- XRP is holding key support near $2.00 after a failed push toward $2.20
- ETF inflows are absorbing supply, but Ripple’s monthly sales remain a headwind
- A break above $2.20 or below $2.00 will likely decide the next short-term move
Ripple’s XRP is sitting near $2.05 at the moment, holding just above a level that’s quietly done a lot of work this week. In the last update, the focus was on $2.00 as the line that keeps the short-term structure from slipping. That level held, and price respected it almost perfectly.
XRP stayed above $2.00, pushed higher mid-week, and briefly tagged the $2.20 area before rolling back again. The breakout didn’t stick, but the reaction mattered. Buyers showed up below $2.00, confirming demand even as upside momentum faded.
So now the obvious question hangs in the air, where does XRP go from here?
What’s Actually Moving the XRP Price
Flows continue to do most of the heavy lifting. U.S. spot XRP ETFs now hold roughly $1.56 billion in assets, with average daily inflows around $10.6 million. Franklin Templeton’s XRPZ ETF alone pulled in close to $28.6 million in a single January week. Those numbers matter because they actively absorb supply rather than just reshuffle it.
On the other side of the ledger, Ripple is still selling about $200 million worth of XRP each month to fund operations. That steady issuance creates a constant supply overhang. For XRP to trend higher in a sustained way, ETF inflows need to keep outrunning those sales. If inflows slow or pause, downside tests become much more likely.
On-chain data adds a bit more color. Large holders accumulated more than 50 million XRP last week while price chopped sideways near $2.00. Exchange data showed daily net outflows of roughly $13.1 million, which helps ease immediate sell pressure. Derivatives positioning, however, is crowded. On Binance, the long-to-short ratio is hovering near 3.0. That kind of imbalance can support upside, but it also leaves the market vulnerable to sharp pullbacks if price slips.
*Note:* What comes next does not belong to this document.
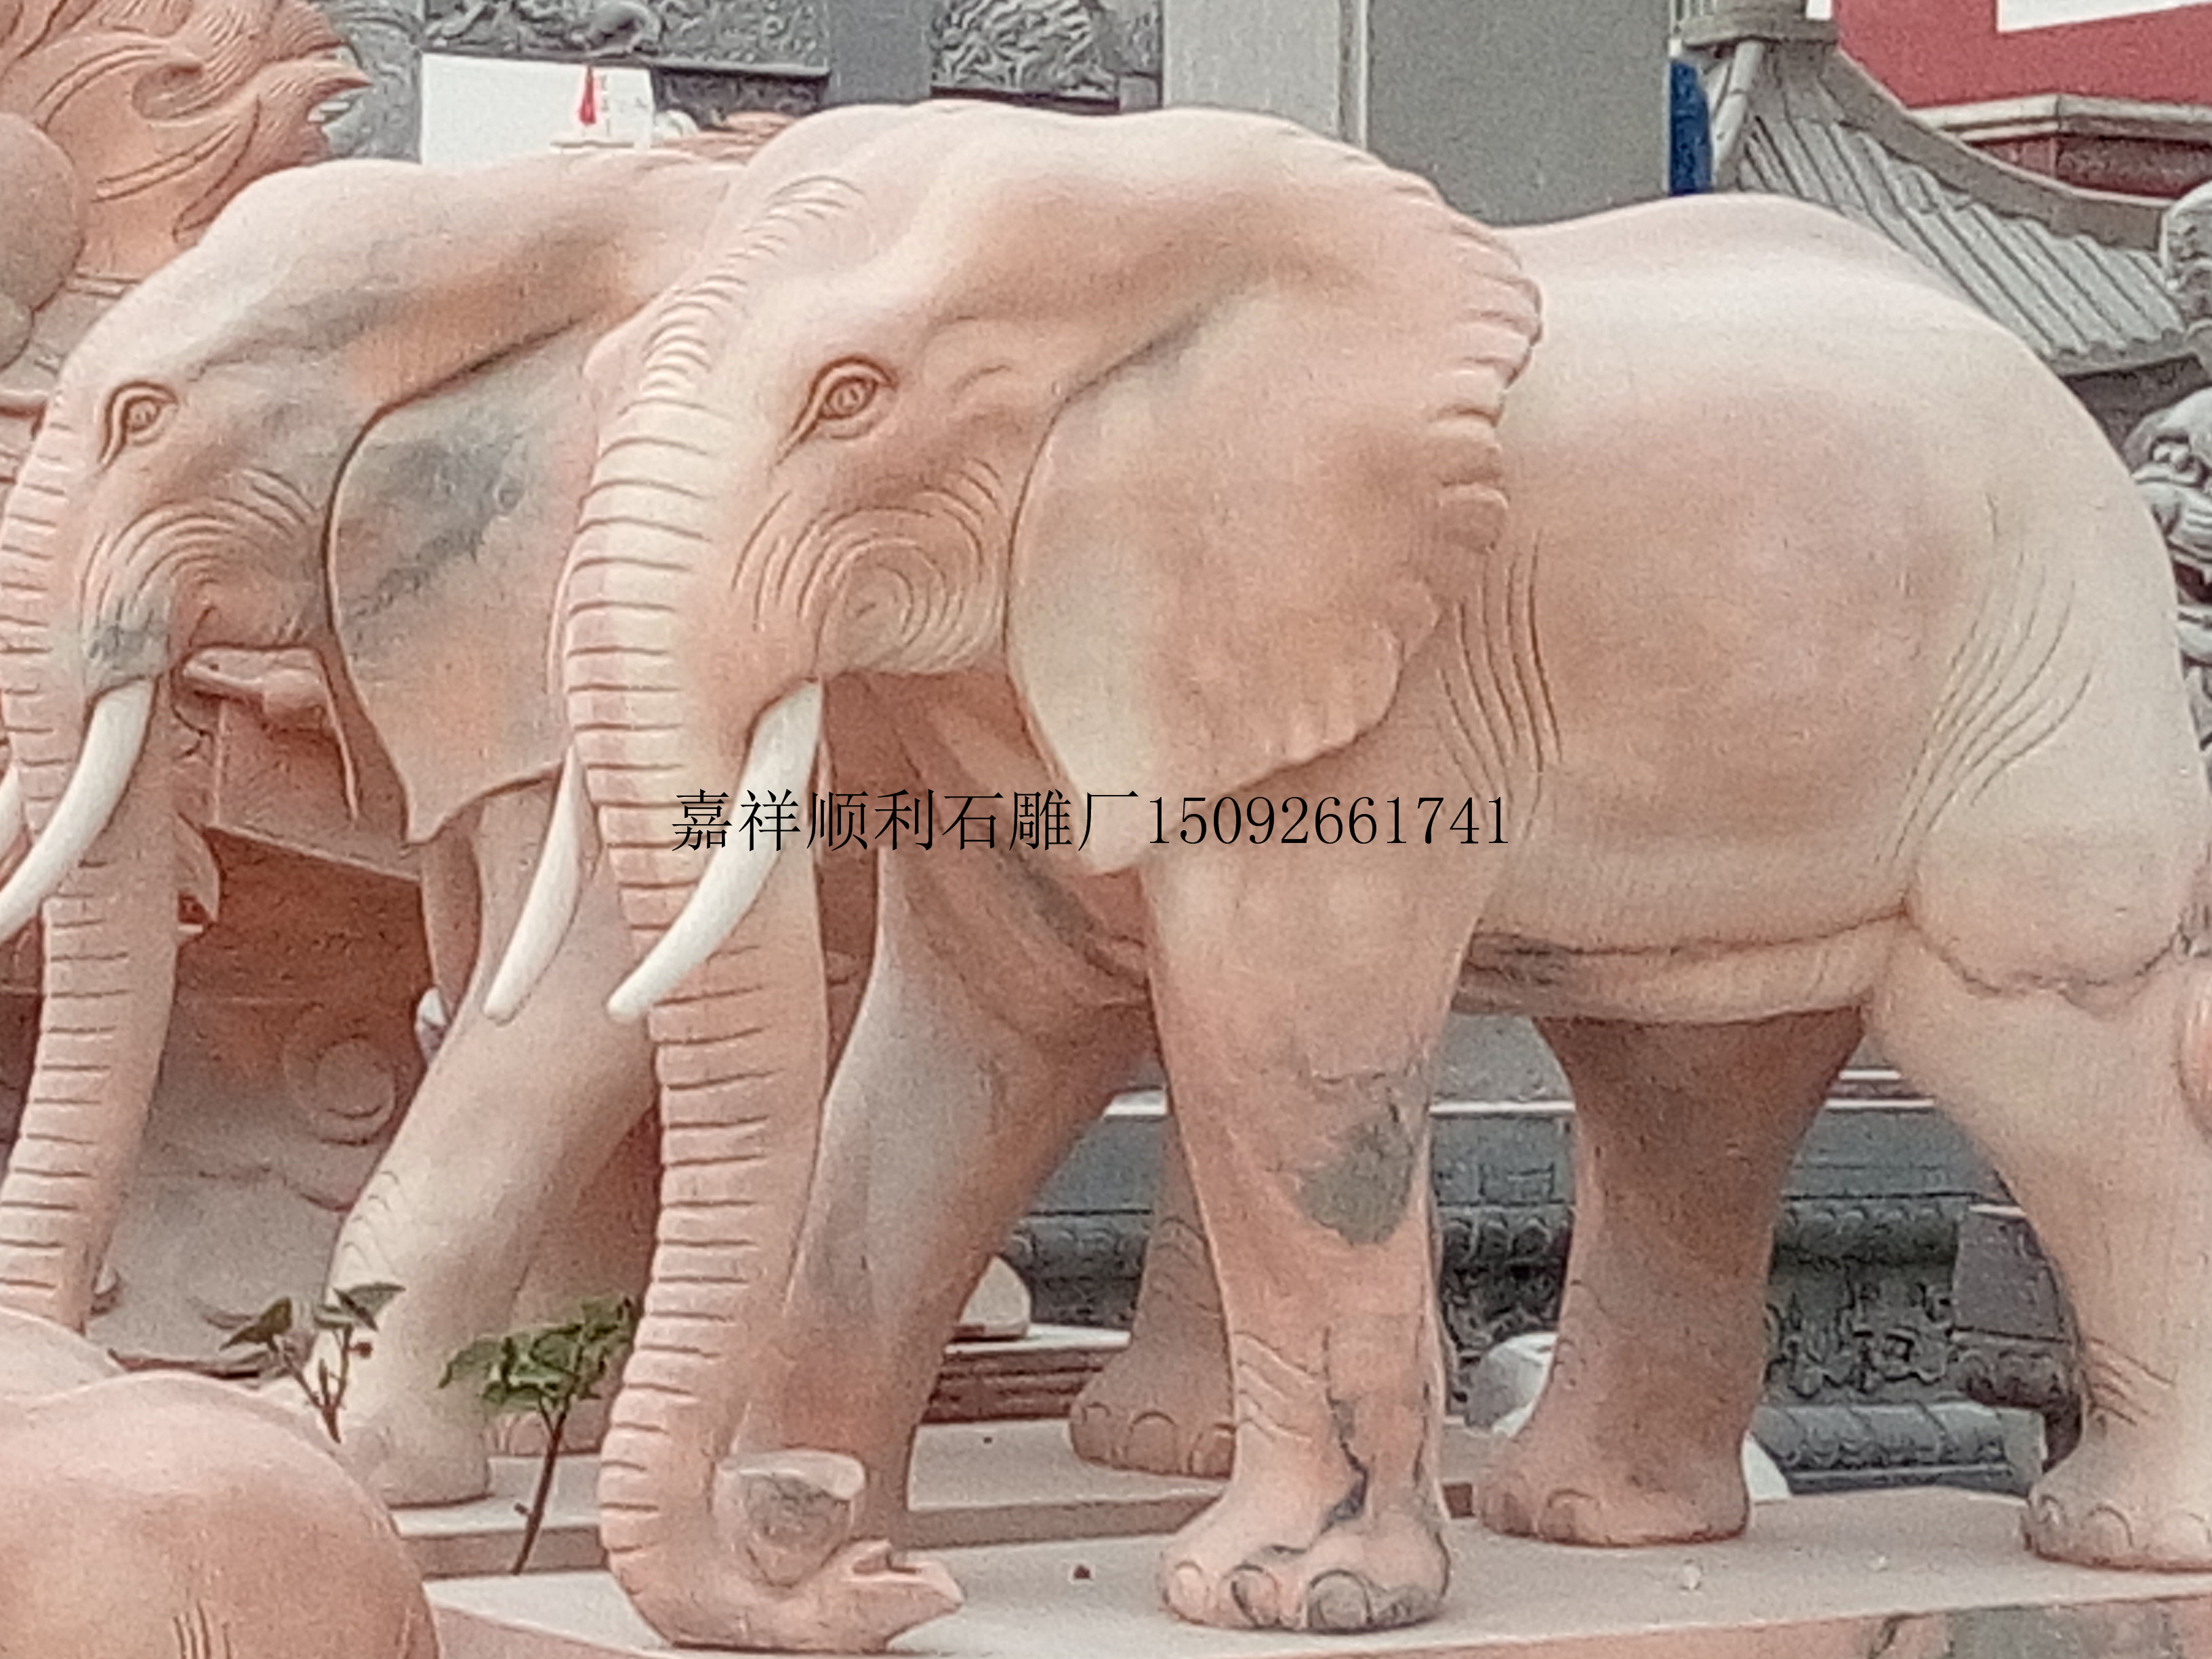 石雕大象晚霞红大象佛教石象石雕象批发

XRP Chart Shows a Tight Range, Not a Trend
The chart itself tells a fairly balanced story. XRP remains range-bound, with $2.00 acting as firm support. Buyers have stepped in repeatedly around that level, keeping price from breaking lower despite several tests.
Overhead, $2.20 is the first real resistance to watch. That zone rejected price earlier in the week and hasn’t been reclaimed since. Above it, the $2.30 area lines up with prior supply and would likely require a strong momentum push to clear.
Momentum indicators reflect this indecision. RSI is sitting in the mid-30s to low-40s, not oversold, but far from strong. MACD is flat and hugging the zero line, a classic sign of consolidation. Net longs still outweigh shorts, which helps keep the range intact, but it also raises volatility risk if support finally gives way.
Right now, sellers are active above $2.20. Buyers are active near $2.00. Neither side has control yet.
Short-Term Outlook for XRP
As long as $2.00 holds on a closing basis, the near-term bias stays neutral to slightly bullish. In that case, XRP could make another run toward the $2.15 to $2.25 zone. A clean break and hold above $2.20 would open the path toward $2.30, but only if ETF inflows remain steady and broader market conditions don’t sour.
If $2.00 breaks, the tone changes quickly. The next meaningful support sits near $1.80, a level that could attract buyers again, but it would reset short-term sentiment in the process.
For now, the most likely outcome is more range trading between $2.00 and $2.20. Where XRP heads next depends on which side blinks first, and whether demand can continue to keep pace with supply.